Nos suele parecer que la primera opción—cambiar el sentido común—es la más difícil y también la más revolucionaria. Digo ‘nos suele parecer’ porque en la política todo es más fluido de lo que muchas veces nos puede parecer. Lo digo, sobretodo, insistiendo en que adjudicarle a una estrategia el ser ‘la más difícil’ es responder a una pregunta empírica—no filosófica—que demanda acercarnos a los detalles de una coyuntura, y que exige calibrar una correlación de fuerzas siempre en movimiento. Sin embargo, no hay cambio más profundo al que pueda aspirarse, que el de intervenir lo que ya no necesita explicación alguna por lo obvio que resulta y lo que, a su vez, sirve de puro contexto para cada enunciado. Este es el monumental rol político que juega el sentido común. Retarlo es casi un mandamiento. Se trata de una lucha política cotidiana que en sí misma va abriendo posibilidades insospechadas.

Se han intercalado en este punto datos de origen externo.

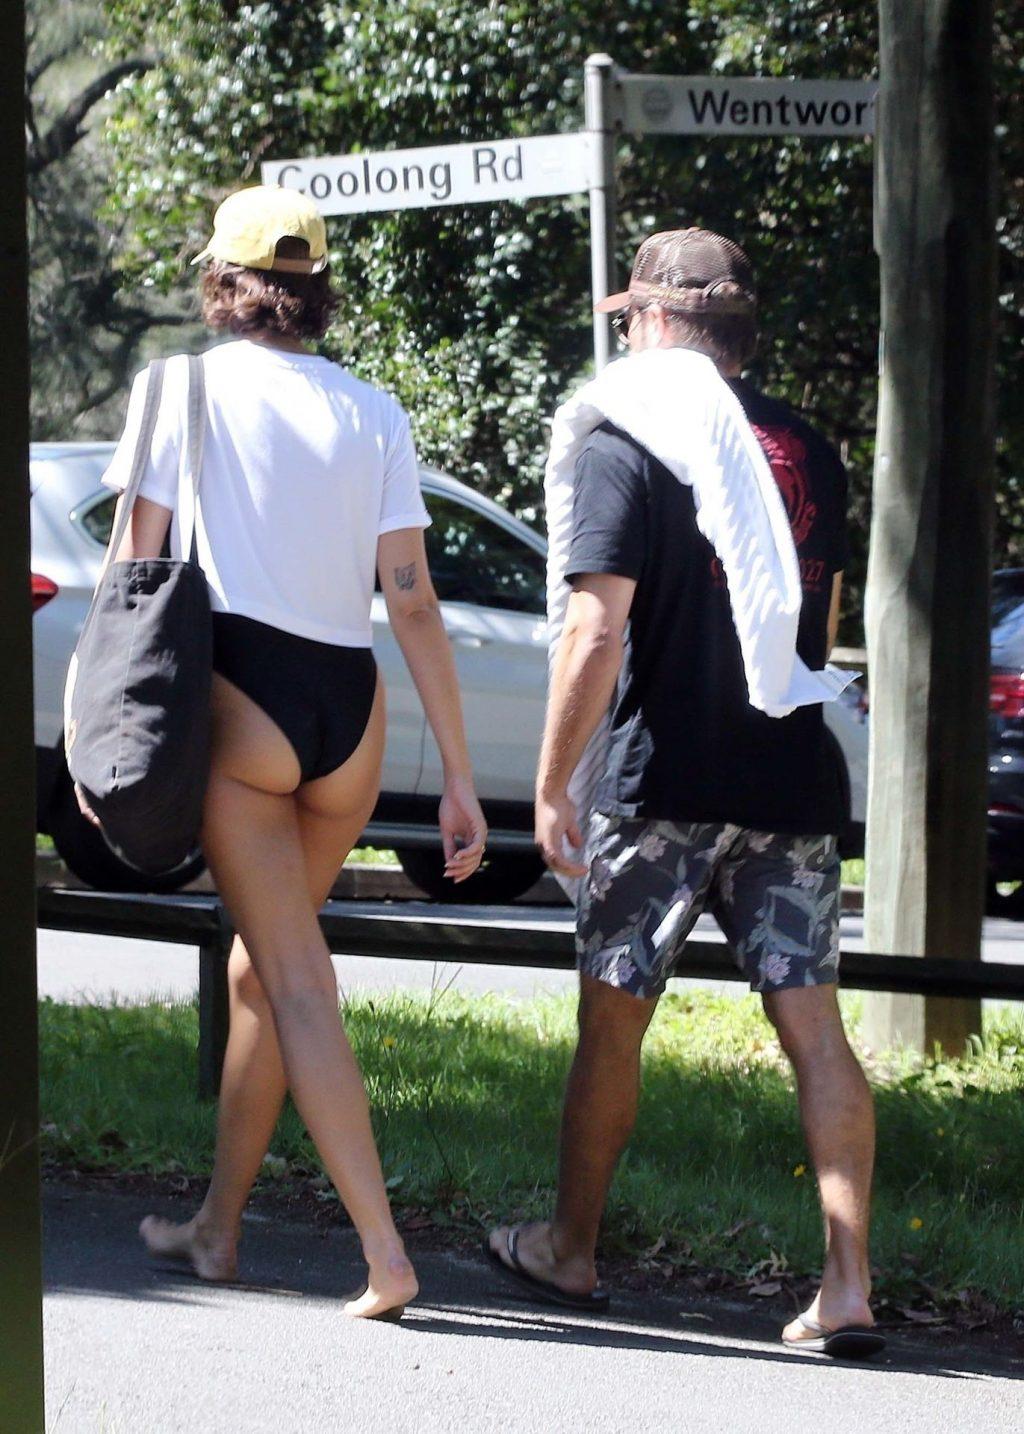 Zac Efron Enjoys a Beach Date with Vanessa Valladares in Sydney (78 Photos)

Constantemente hay muchos trabajos contra el sentido común, a diversas escalas y sobre algunos de sus muchísimos elementos en contienda. Listo solo algunos ejemplos archiconocidos. Las izquierdas que siguen denunciando la magnitud creciente de las desigualdades combaten una normalización cada vez más peligrosa. Los colectivos que siguen defendiendo todo tipo de domesticidades y todas las formas de unión romántica hacen lo propio. Las feministas y las combatientes de todos los racismos que intentan desnaturalizar las agresiones que pasan como pautas culturales, ídem. Los proponentes de formas no binarias de la identidad de género, igual. Los activistas a favor de una reconversión energética que estando en medio del Caribe se valen del eslogan #queremossol parecen exigir lo que nos es dado, recordándonos que no es el caso. Los ecologistas que denuncian la imposibilidad de escoger entre naturaleza y economía, nos advierten qué tal disyuntiva, aunque cotidiana, es pura locura. La naturaleza no es prescindible ni recreable, si no asiento de la vida misma. Los golpes contra el sentido común vienen de muchos lados. Y fuerzas muy poderosas lo vuelven a apuntalar con igual esmero todos los días.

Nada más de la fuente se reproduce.